ACTIVITY: Set down the data below in full and exactly, minus the pictures.

DATASET SECTION:
----------

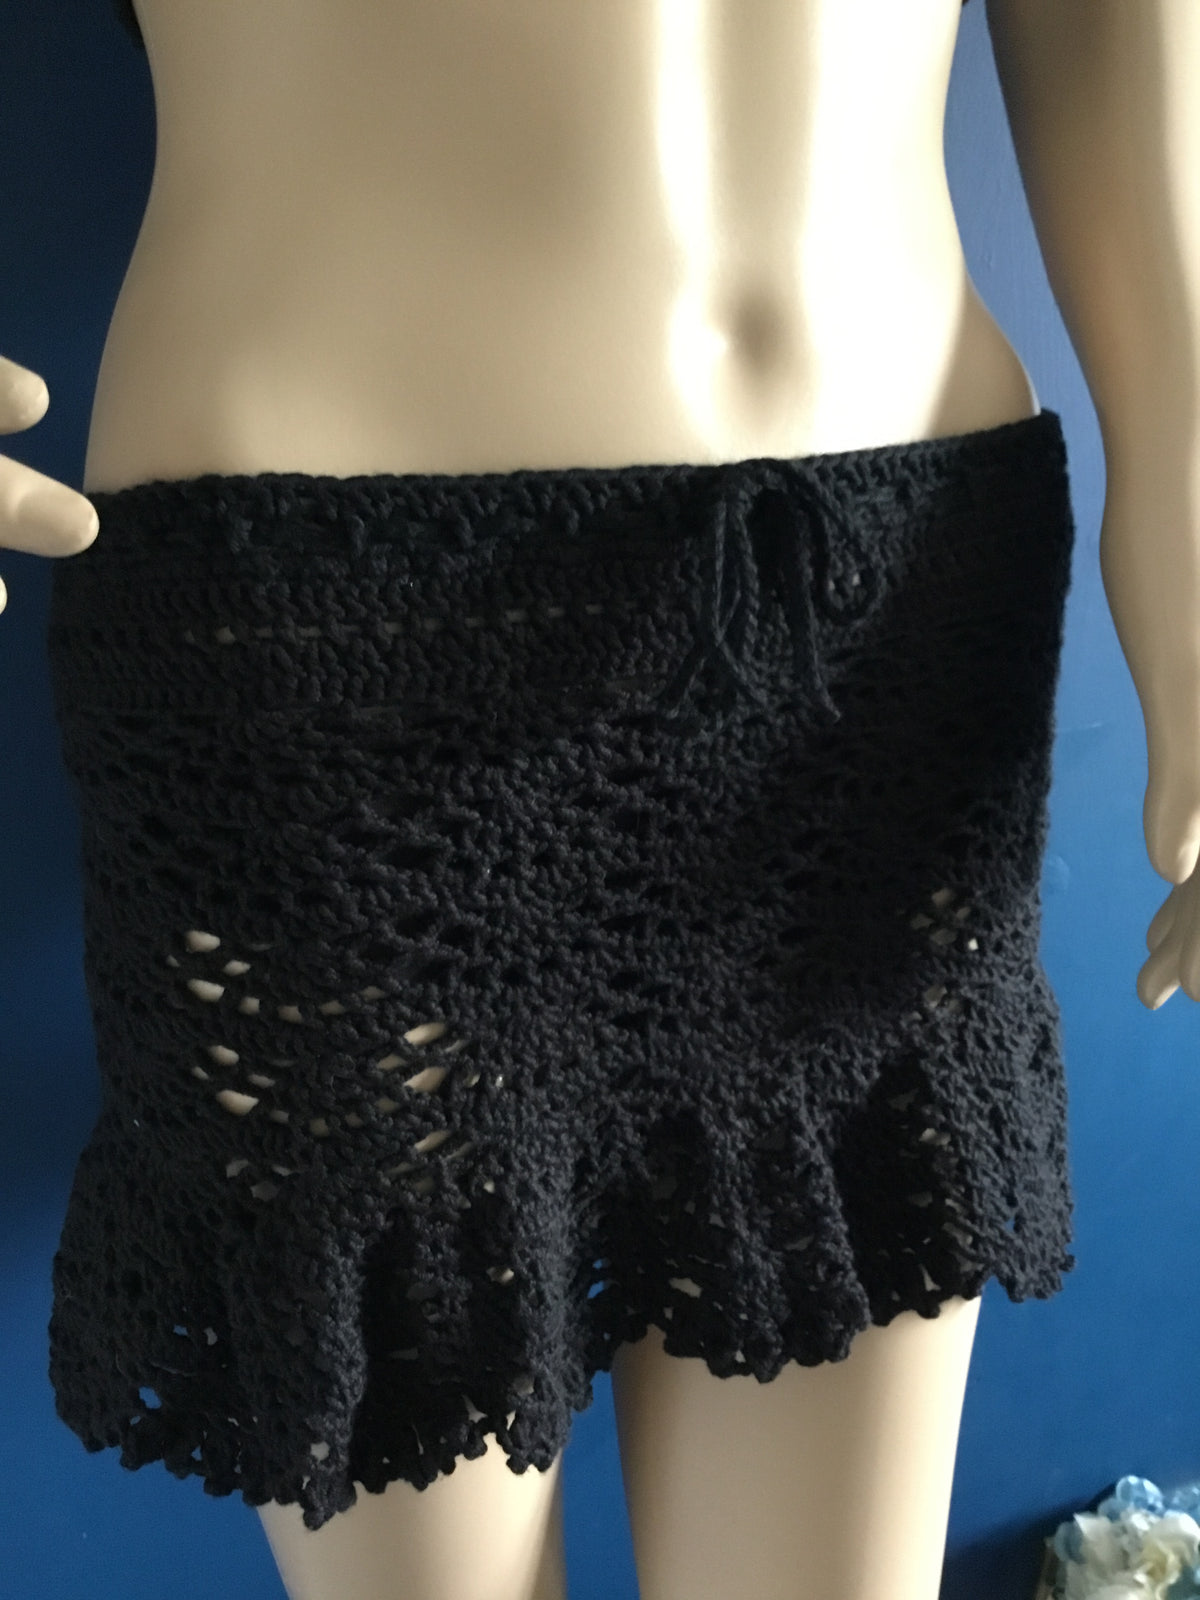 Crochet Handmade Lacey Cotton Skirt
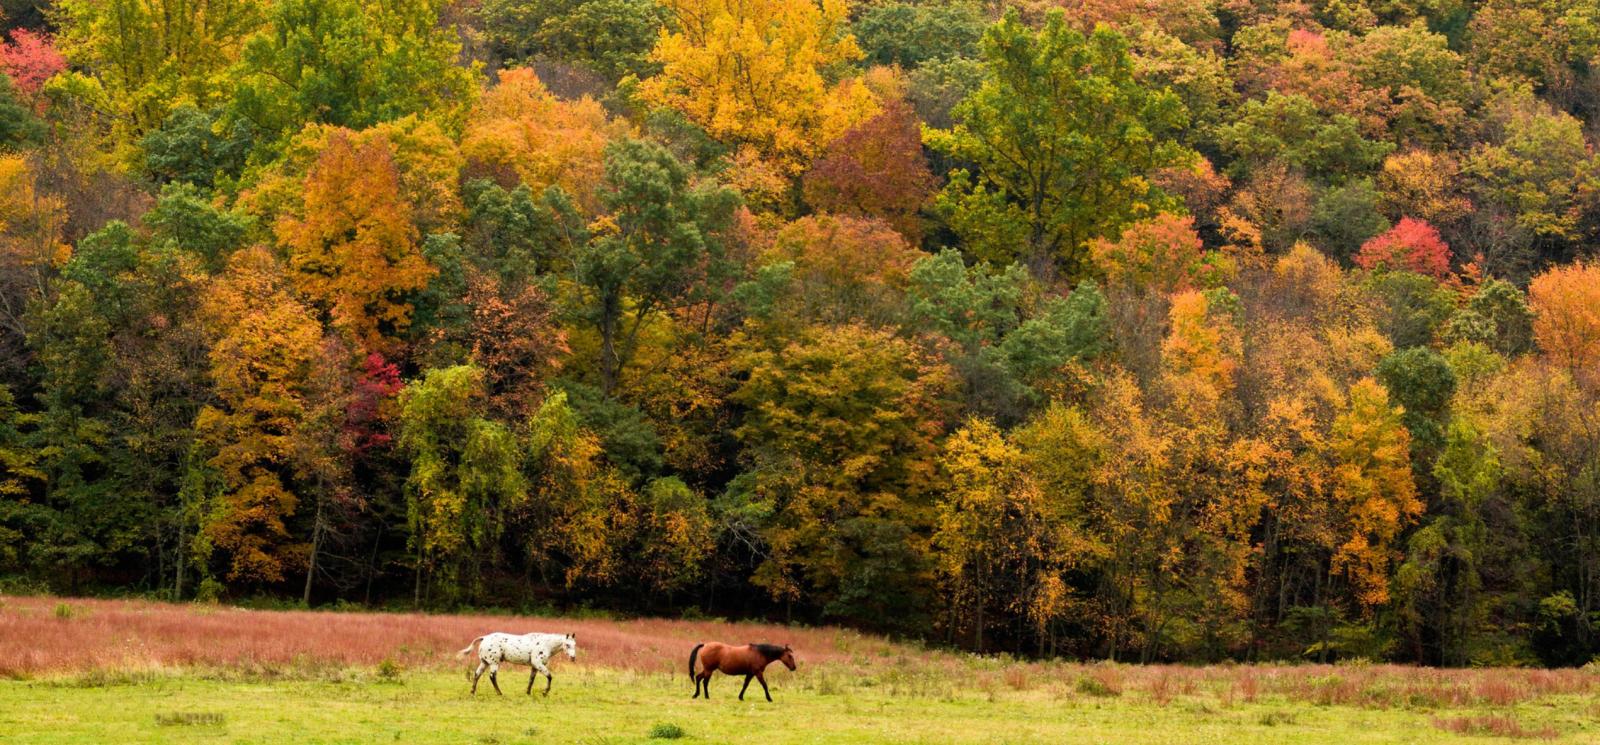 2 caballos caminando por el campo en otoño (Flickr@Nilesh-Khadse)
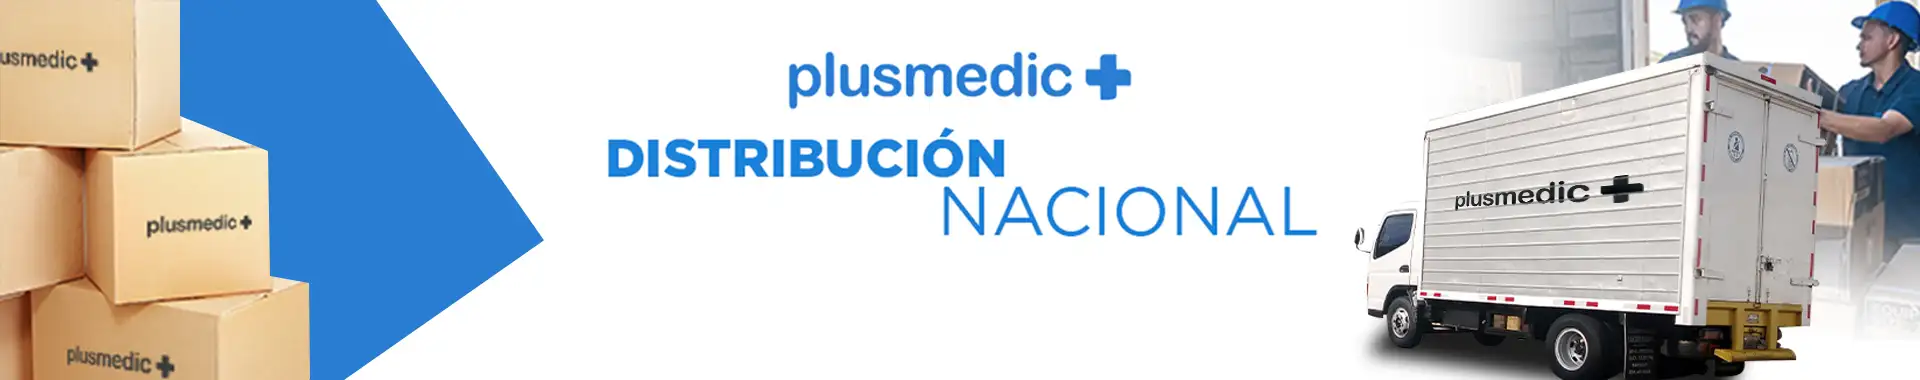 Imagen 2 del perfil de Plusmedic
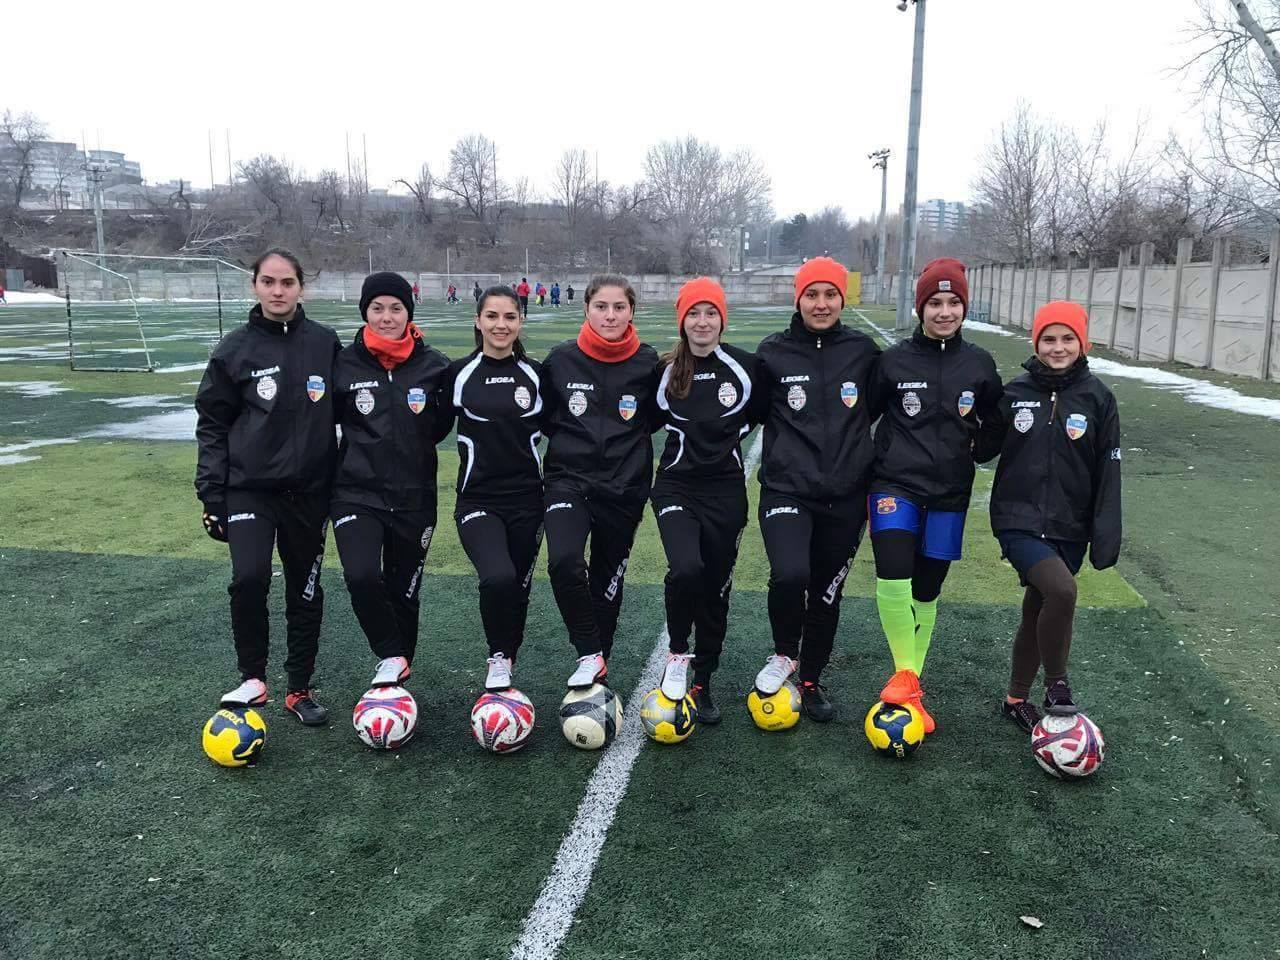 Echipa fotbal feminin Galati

----------

TASK RESPONSE:
 Crochet Handmade Lacey Cotton Skirt
 2 caballos caminando por el campo en otoño (Flickr@Nilesh-Khadse)
 Imagen 2 del perfil de Plusmedic
 Echipa fotbal feminin Galati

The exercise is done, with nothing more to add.